Rival meanings. In conditions of plurality of individuals and communities competition for the same resources is present, for synthesis and re-synthesis of life. Communities’ vital processes interfere and clash. The values of certain communities are incompatible with those of others. The life of certain communities is incompatible with the life of others.

Cross-cultural communication. Cross-cultural communication is interchange of meanings between individuals from different cultural communities (native-alien). It is unintelligible from the point of view of virtual relativity and relativism. Cross-cultural living, in which someone is alien, is strained between the local meanings of one’s own and the foreign culture. But it does exist and is subject to development, which confirms the global character of linguistic forms related to human form.

Today we are living more and more intensively in cross-culure situations.

6. Solutions of problems

As a result, owr investigation game produces some new solutions.

Vital meaning. Life exceeds all possible meanings. It is unrealistic to look for ‘the sense of life’ – a humanitarian ideologem, which never offered anything sensible beyond life itself, but only subjection to virtual projections: God beyond the world, a Good beyond good and evil things, Beauty beyond the beautiful, Truth beyond truths.

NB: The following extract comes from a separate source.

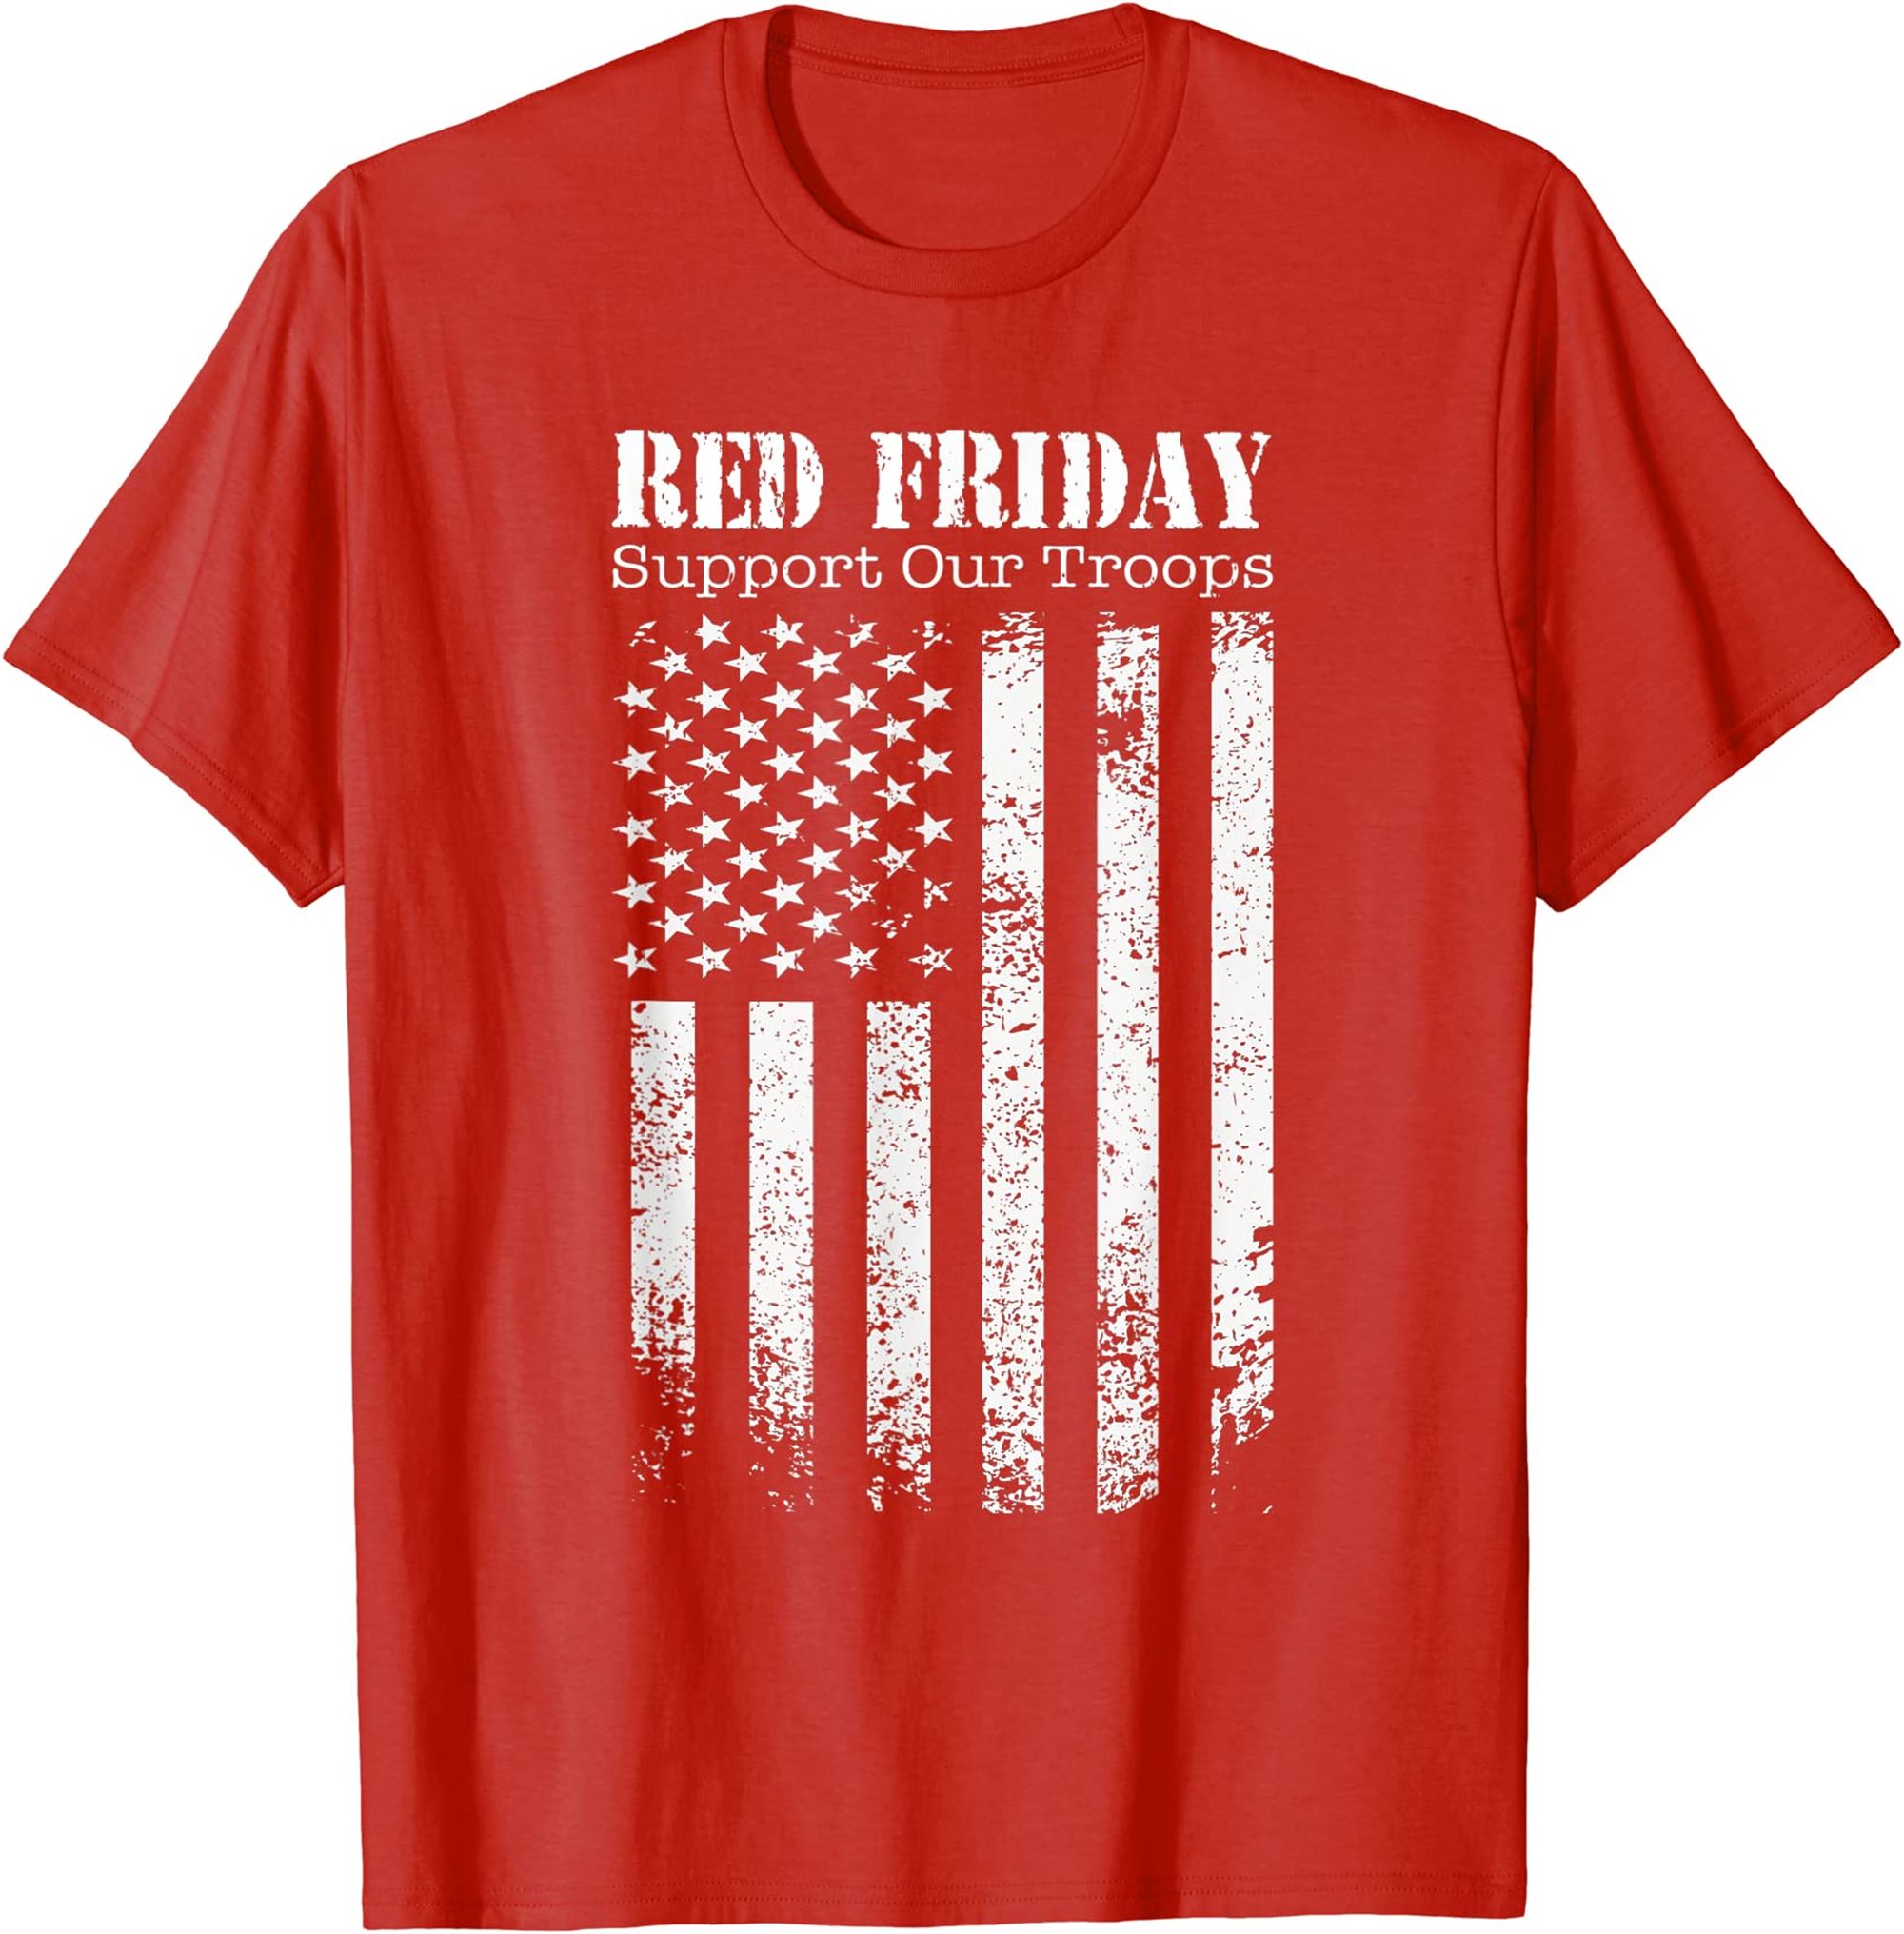 Red Friday Support Our Troops Military Memorial Day T-shirt Full Size Up To 5xl

The world exceeds all possible descriptions. Every description is temporary and local. There is nothing untouchable in great ontologies, theories and ‘facts’.

Freedom-unfreedom. Conceptions of freedom in different cultures on the planet diverge up to incompatibility. In the West freedom is above all freedom of the person and in the Far East it is above all freedom from a person.

In the real relatedness of great local concepts like freedom to human form, freedom of the person is individual spontaneity of the life process and freedom from a person is getting awareness and surmounting of individual ego-projections.

Identity. One’s identification with an opinion, conviction, theory, position is an Ego: an unfree identity through unconscious acceptance of real attitudes and virtual projections as essences. Unawareness is taking the virtual for real. The attitude is taken for an innermost, interior I. Habitual thoughts are taken for ‘evidence’. Habits of mind are taken for true intuitions. Grammatical form is taken for ontological essence. Convictions and opinions are championed without awareness of relativity.

Critiques between positions are senseless if positions and sharing of the common human situation are not taken into account. That situation itself does not speak any particular language to be exalted above all other languages.

Anything can be proven or refuted from appropriate positions, insofar as proofs and refutations involve concepts and descriptions. Therefore in experience any ultimate proof of a theory is altogether impossible.

In the final account identity has a reverse power: it makes one dependent. In freeing ourselves from this virtual identity we find natural, spontaneous, mutable identities in the gradation: individual–community–humanity–life.

Global awareness. The live awareness of relativity makes our mental forms conditional and we do not expect them to be unconditionally the same as other people’s. We are ready for surprises, we explore and acknowledge other people’s attitudes and categories like religion without a God and a fate, freedom without individual independence, nature without the division in ‘human’ and ‘animal’ and world beyond the division ‘nature–culture’.

We realize the relativity and conditionality of the I, the Absolute, Necessity, Causality, Freedom.

This brings us nearer to planetary wisdom: we all, despite of our differences, are human and living beings and have to uphold our unconditional life against the destructive forces of the Universe.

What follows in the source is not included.